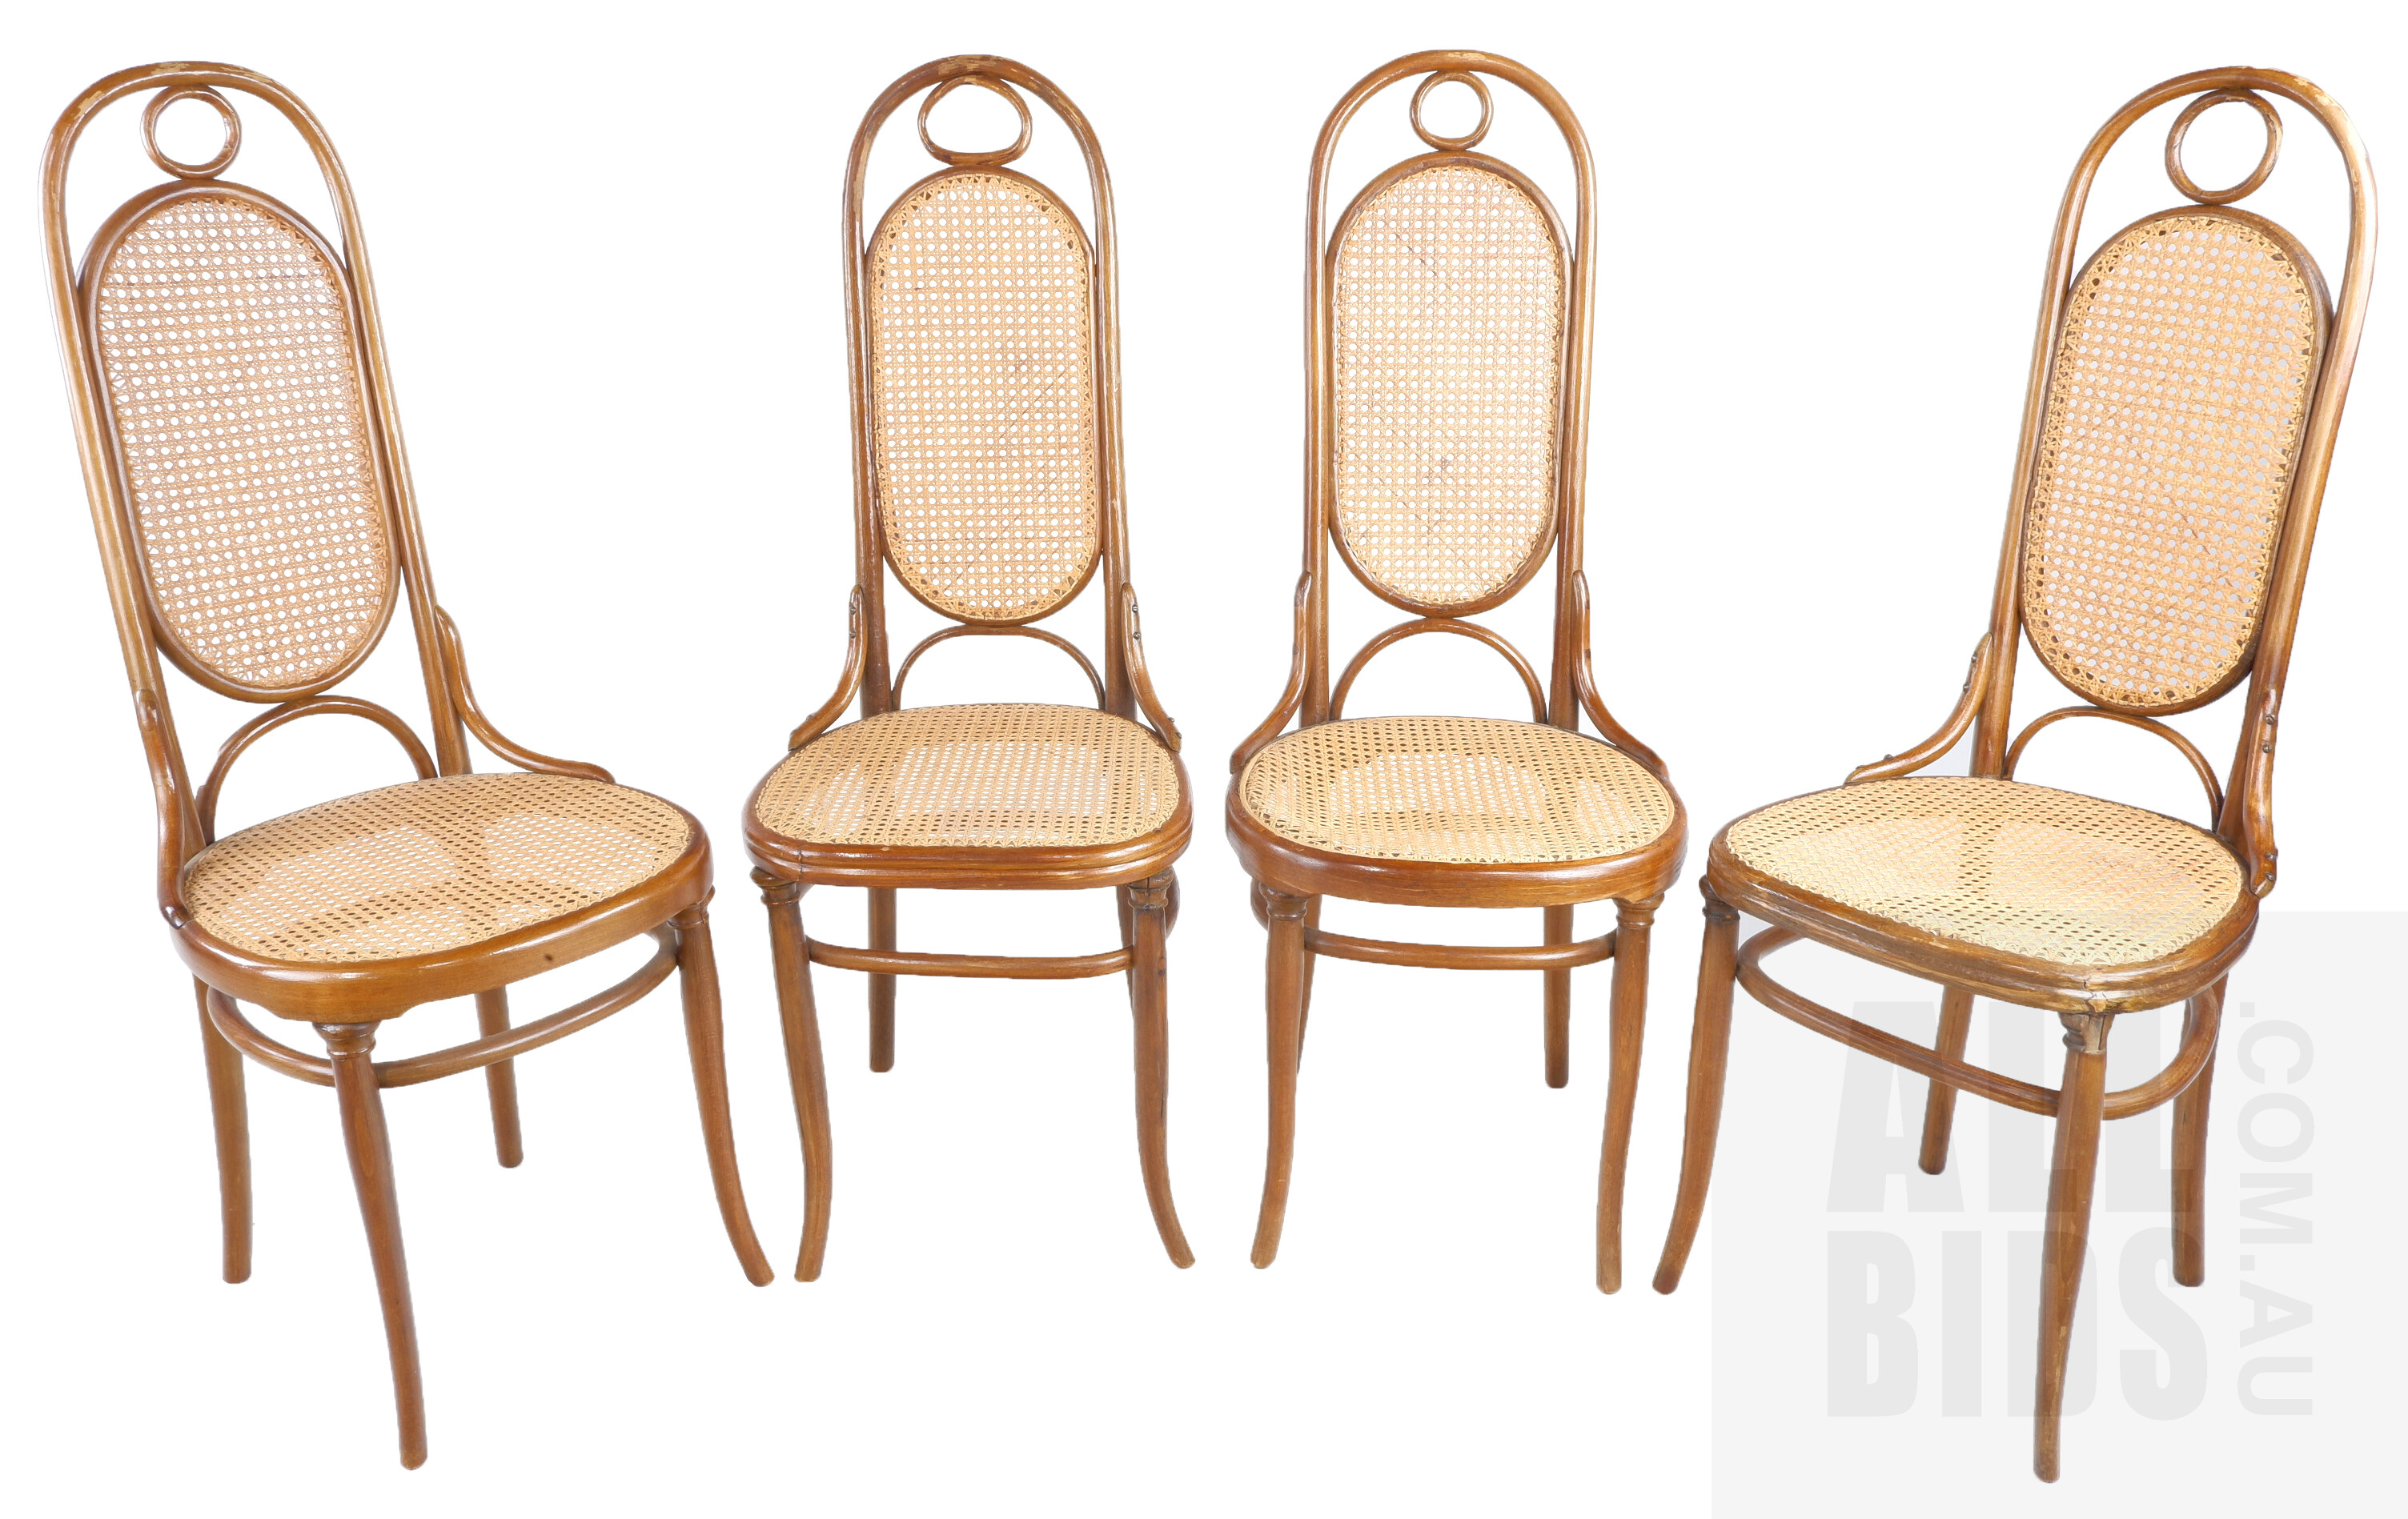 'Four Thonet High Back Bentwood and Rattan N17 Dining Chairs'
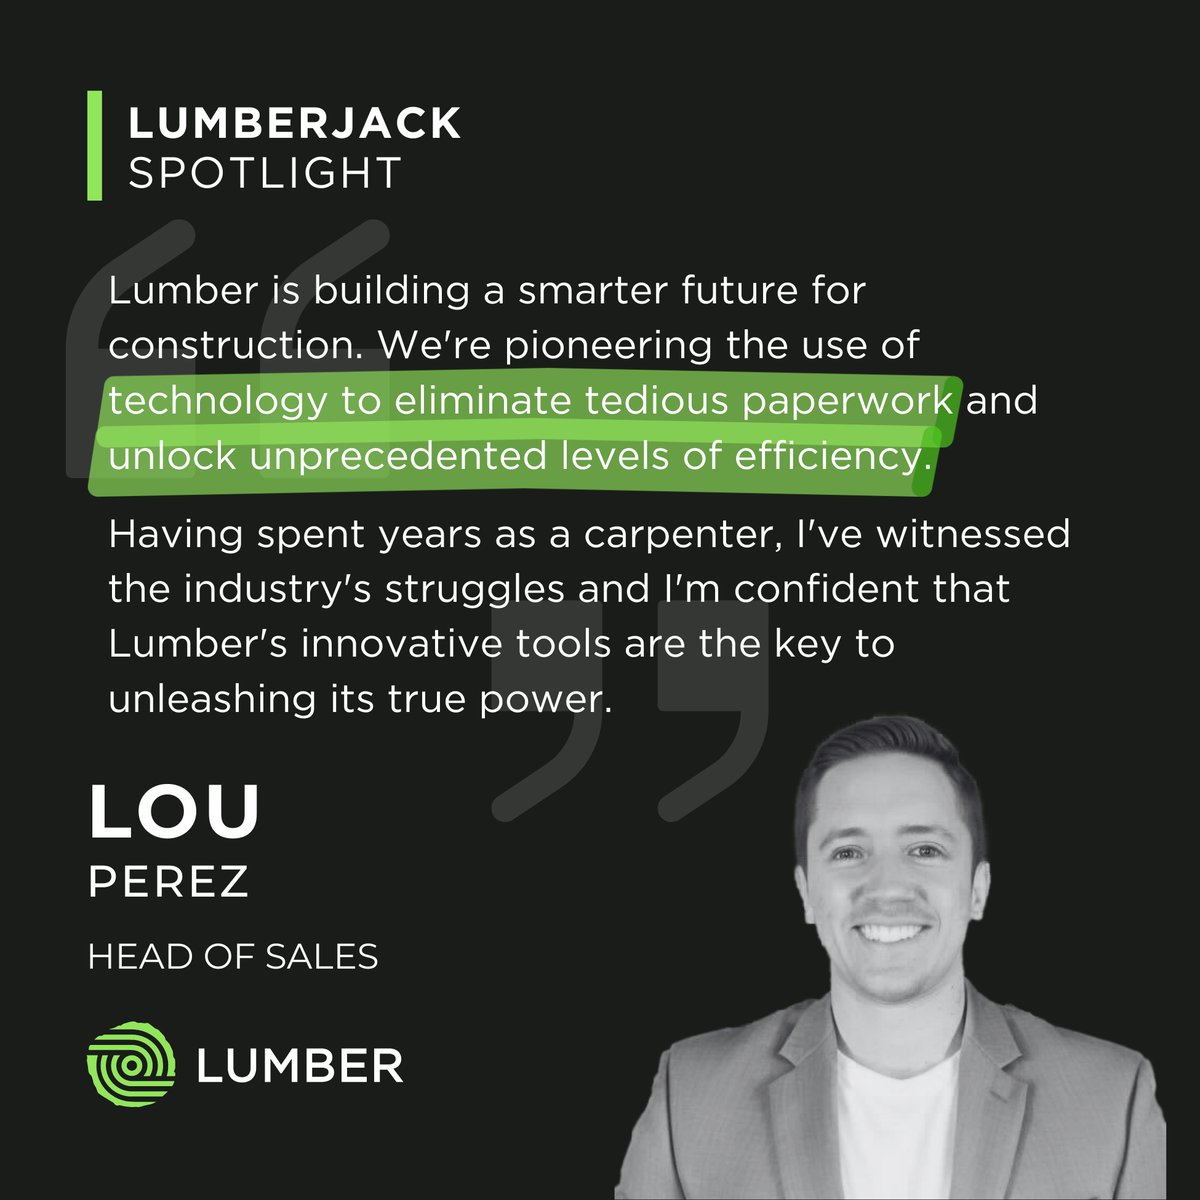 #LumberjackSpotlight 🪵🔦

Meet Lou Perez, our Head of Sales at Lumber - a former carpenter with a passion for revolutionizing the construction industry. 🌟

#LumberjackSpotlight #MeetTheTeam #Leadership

────────

Activity » Return, exactly as they stand, all of the lines above, but not the pictures.

Answer area »
 'Four Thonet High Back Bentwood and Rattan N17 Dining Chairs'
 #LumberjackSpotlight 🪵🔦

Meet Lou Perez, our Head of Sales at Lumber - a former carpenter with a passion for revolutionizing the construction industry. 🌟

#LumberjackSpotlight #MeetTheTeam #Leadership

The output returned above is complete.